State-Sponsored Cyber Warfare: Highly sophisticated attacks aimed at crippling port operations or capturing sensitive cargo data on commercial vessels.
Geopolitical Hotspots: Operating in contested seas, such as the Red Sea and the Arabian Sea, where rising political tensions severely elevate the risk of detention, seizure, or damage.
Why Traditional Piracy Coverage Falls Short for Indian Fleets
Standard Indian Hull & Machinery (H&M) and Cargo policies typically exclude damage caused by war, civil war, and terrorism. While Kidnap & Ransom (K&R) policies cover the financial risk of piracy, they are often inadequate for the new threats:
Old Threat (Piracy) | New Threat (Hybrid Warfare / Drones) |
Simple Theft: Goal is ransom or cargo. | Strategic Disruption: Goal is political influence, trade disruption, or military signalling. |
Physical Risk: Armed boarding and detention. | Technological Risk: Damage from explosives, missiles, or ship control system takeovers. |
Clear Zones: Focused zones like the Gulf of Aden. | Dynamic Hotspots: Risk premiums change weekly across major routes like the Red Sea. |
The central issue is that damage from new weaponry (like drones) often triggers the "War Exclusion" clause in standard policies, leaving the Indian shipowner or cargo owner exposed without updated, specific war risk coverage.
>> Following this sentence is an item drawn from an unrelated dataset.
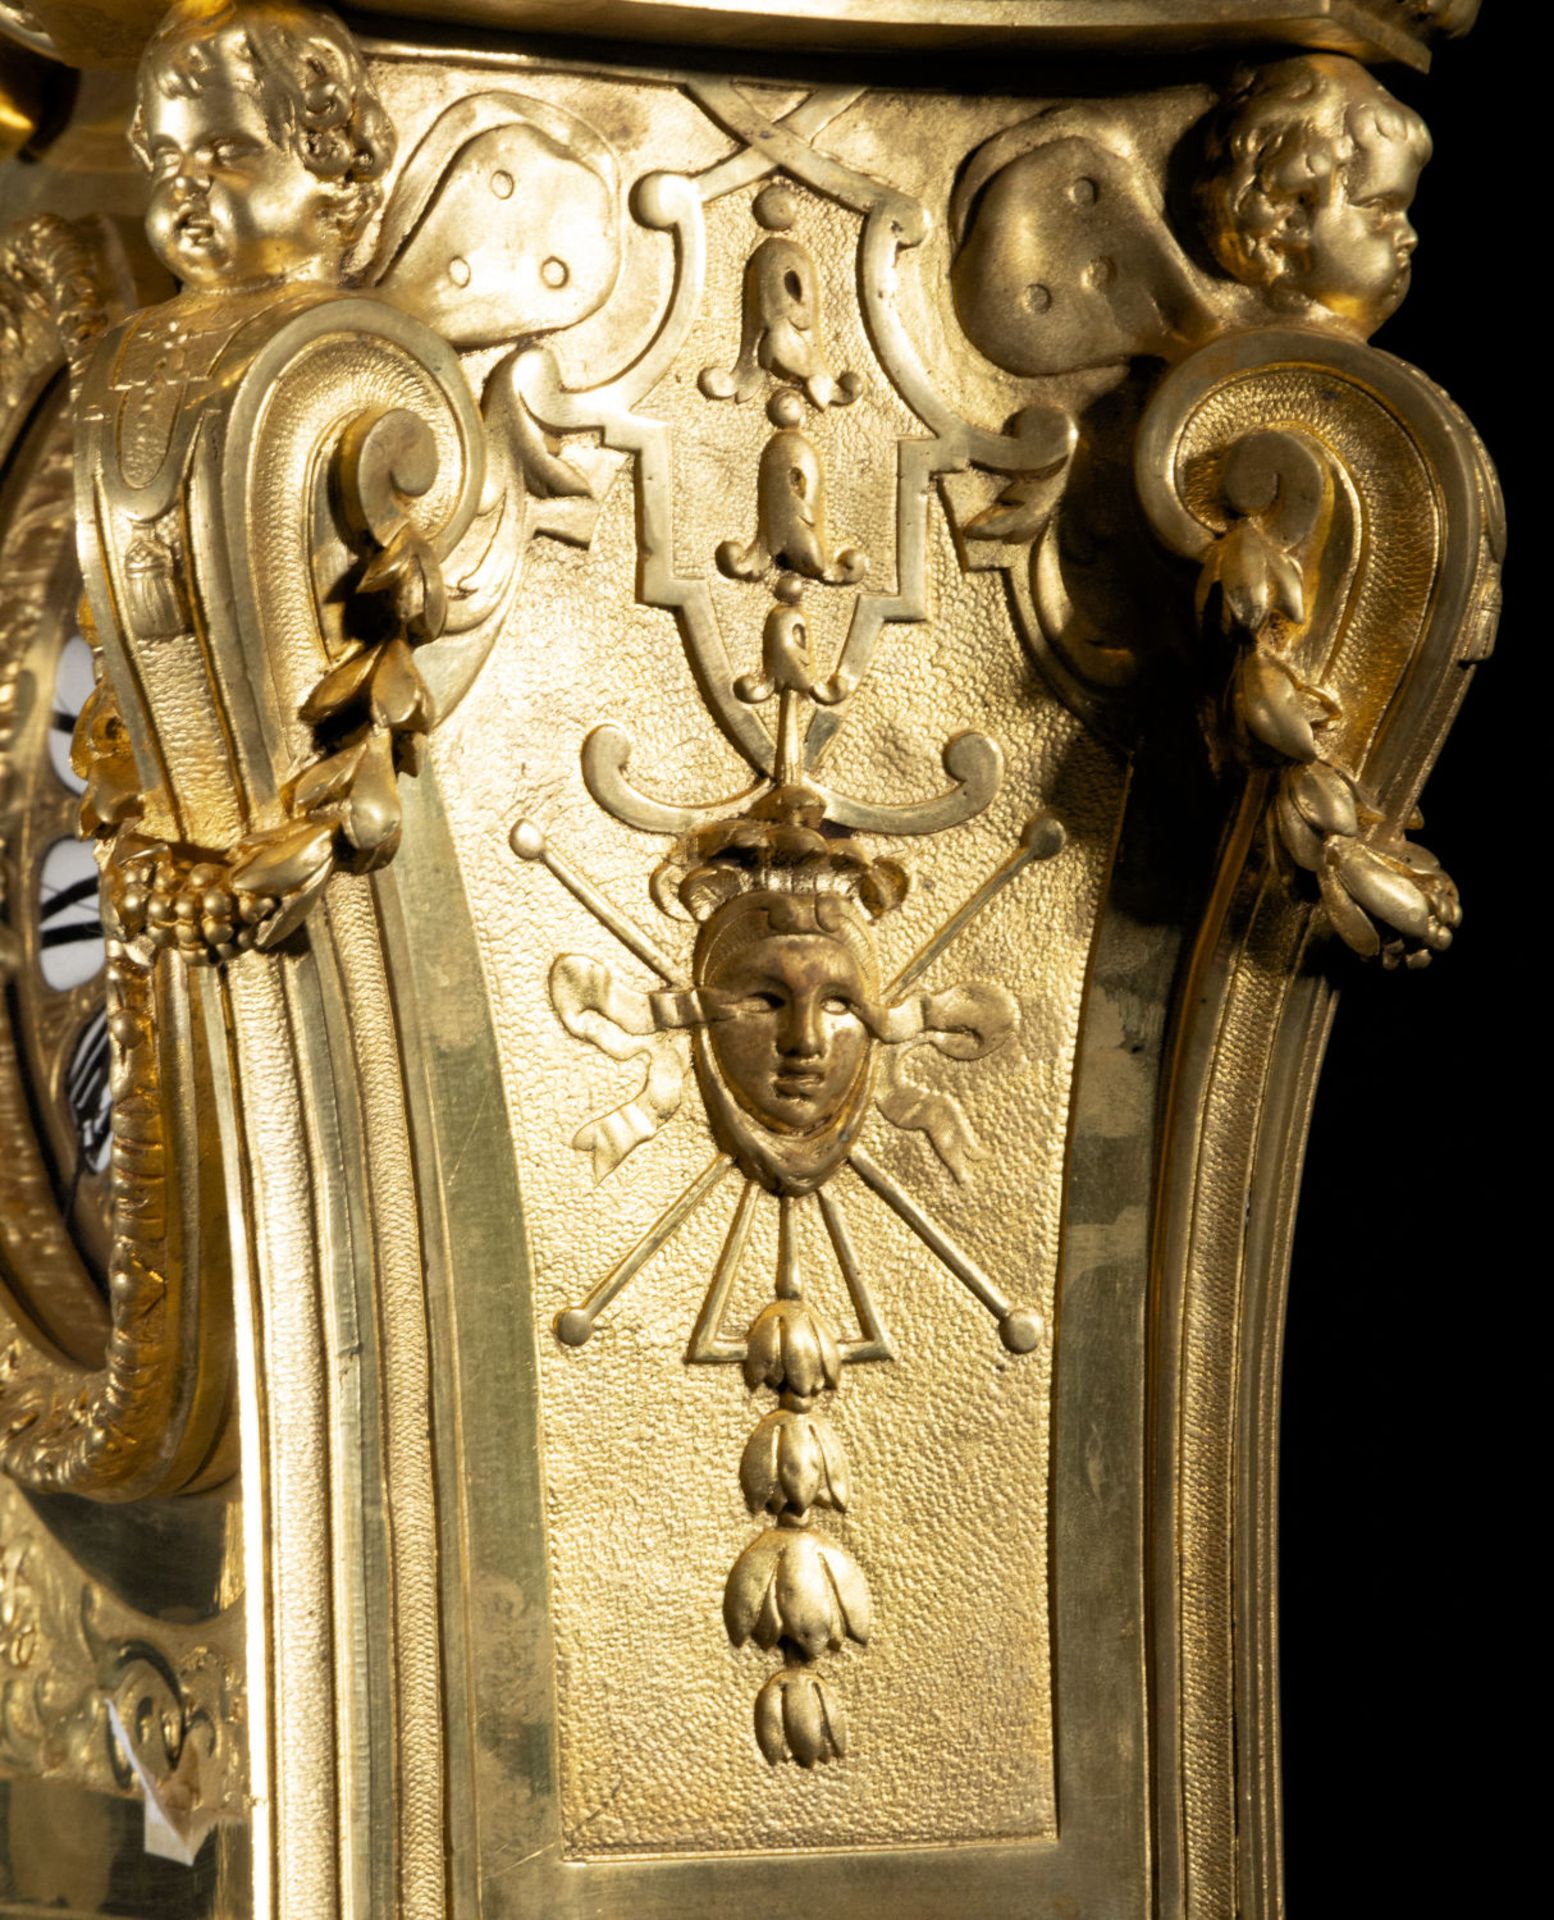 French Napoleon III Portico table clock in mercury gilded bronze from the 19th century - Image 4 of 6

Adapting War Risk Policies to Cover Hybrid Threats
Indian insurers rely on the global reinsurance market (governed by the London-based Joint War Committee) to provide this specialized cover. The market is responding by:
Dynamic Premiums: For Indian vessels transiting the Gulf of Aden or the Red Sea, insurers issue Notices of Cancellation (NoC), compelling shipowners to pay substantial Additional Premiums (often called "Breach Premiums") for temporary coverage in these areas.
Expanded Definitions: War Risk policies are slowly being adapted to cover unique risks like damage from unmanned vehicles and specific, geopolitically motivated cyber attacks on operational systems.
Consequential Loss Focus: Coverage increasingly addresses the massive financial fallout, such as the cost of having a vessel detained, rerouted, or delayed in a foreign port due to conflict.
Operational Realities in Geopolitical Hotspots for Indian Ships
Indian shipowners operate under heightened scrutiny in high-risk zones, requiring careful insurance compliance. Key operational steps linked to insurance include:
Mandatory Reporting: Insurers require immediate notification and compliance checks for any vessel trading in JWC-listed areas. Non-compliance can void the entire policy.
Crew Protection: Given the high number of Indian seafarers, coverage must explicitly address crew injury, death, or capture resulting from these modern attacks.
Route Review: Shipowners must consult their brokers weekly to review war risk rates and decide if the cost of the additional premium is worth the risk of transiting a volatile area versus the expense of re-routing around the Cape of Good Hope.
FAQ's
What is a maritime hybrid threat?
It’s a combined attack using both digital methods and physical methods to cause disruption.
Are drone attacks usually covered by standard hull insurance?
No; they are typically excluded by the war clause and require specific war risk add-on coverage.
How do insurance premiums change for the Red Sea route?
They become highly volatile, with shipowners having to pay substantial "Breach Premiums" for cover.
What is the biggest advantage of updated War Risk policies?
They cover physical and financial losses caused by politically motivated acts that standard policies exclude.
Is my Indian cargo covered if the ship is diverted due to Red Sea attacks?
Cargo policies generally cover the delay, but War Risk cover for the physical cargo must be checked for the specific route.